Information supplied:

╔══

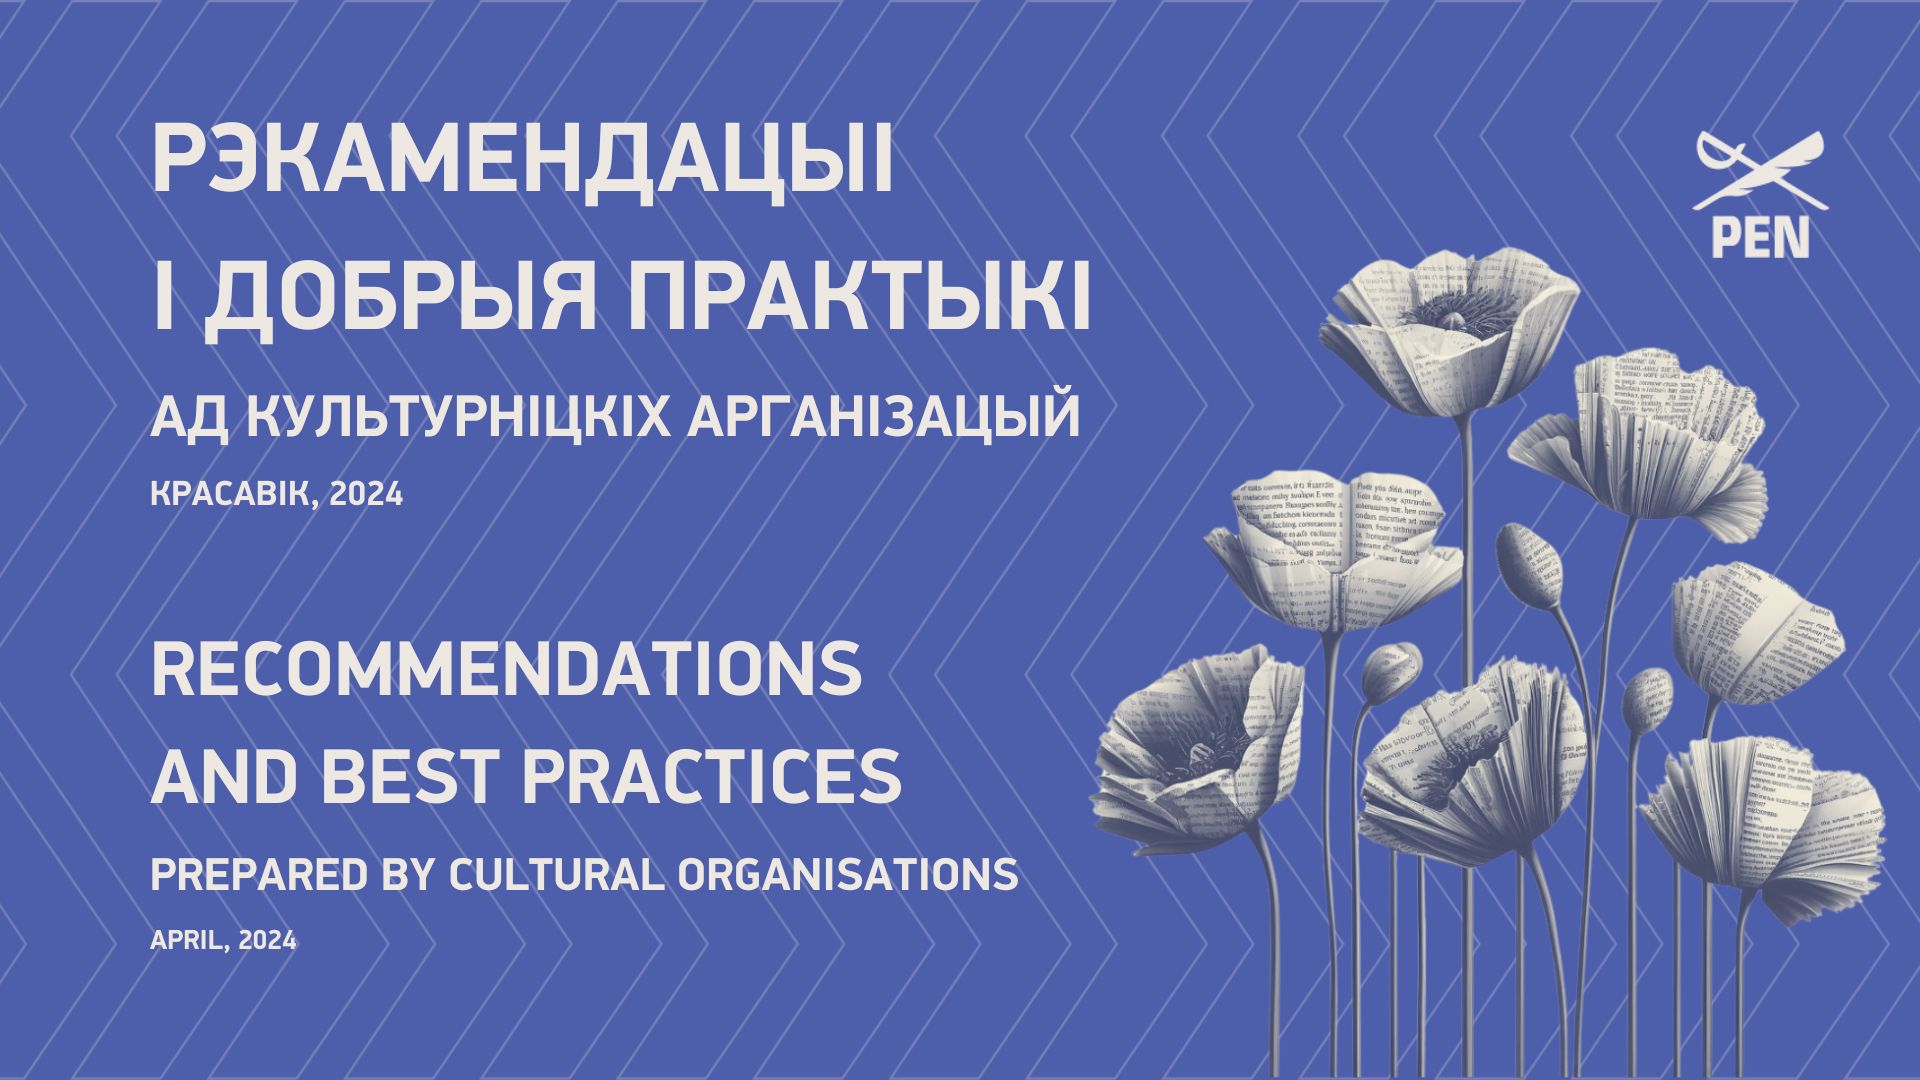 Recommendations and best practices prepared by cultural organisations. April, 2024
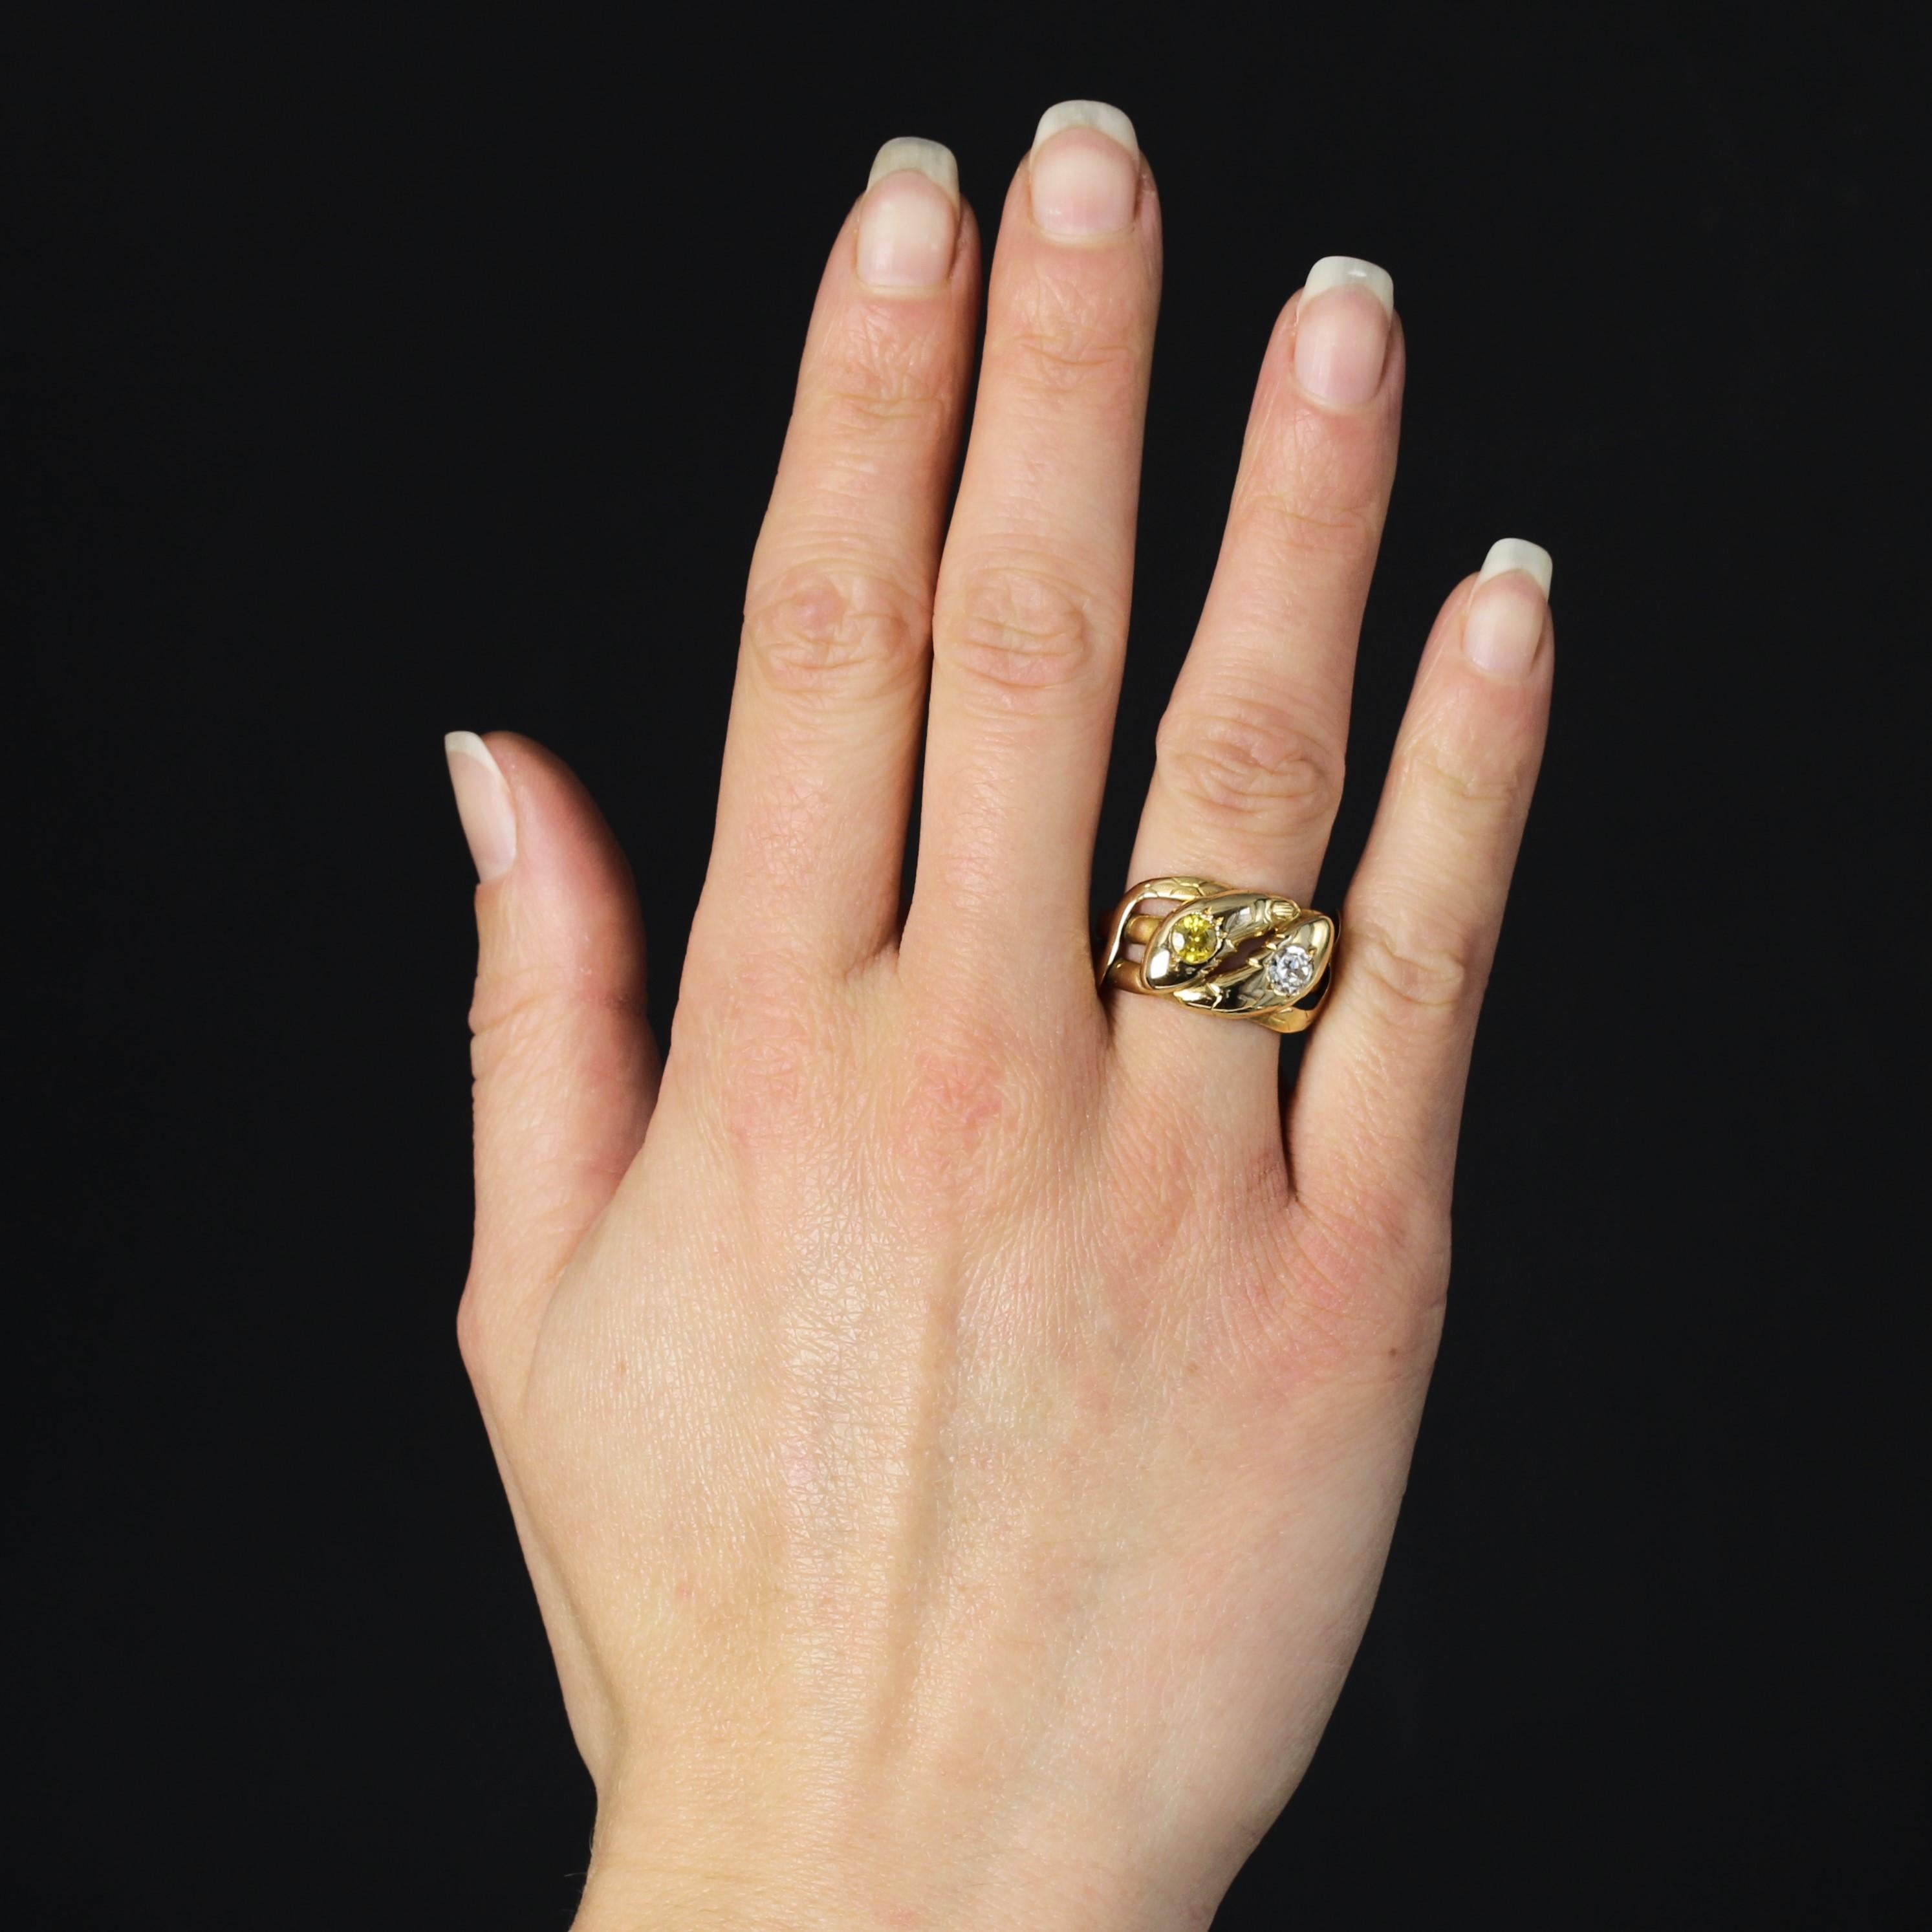 Ring in 18 karat yellow gold, owl hallmark.
The setting of this antique snake ring is formed by 2 flat rings forming the animals' bodies, which curl over the top, ending in a motif representing their heads and tails. One of the heads is set with a

╚══

Exercise brief: When you repeat the lines above, keep them exact and leave out each image they contain.

Your response:
 Recommendations and best practices prepared by cultural organisations. April, 2024
 Ring in 18 karat yellow gold, owl hallmark.
The setting of this antique snake ring is formed by 2 flat rings forming the animals' bodies, which curl over the top, ending in a motif representing their heads and tails. One of the heads is set with a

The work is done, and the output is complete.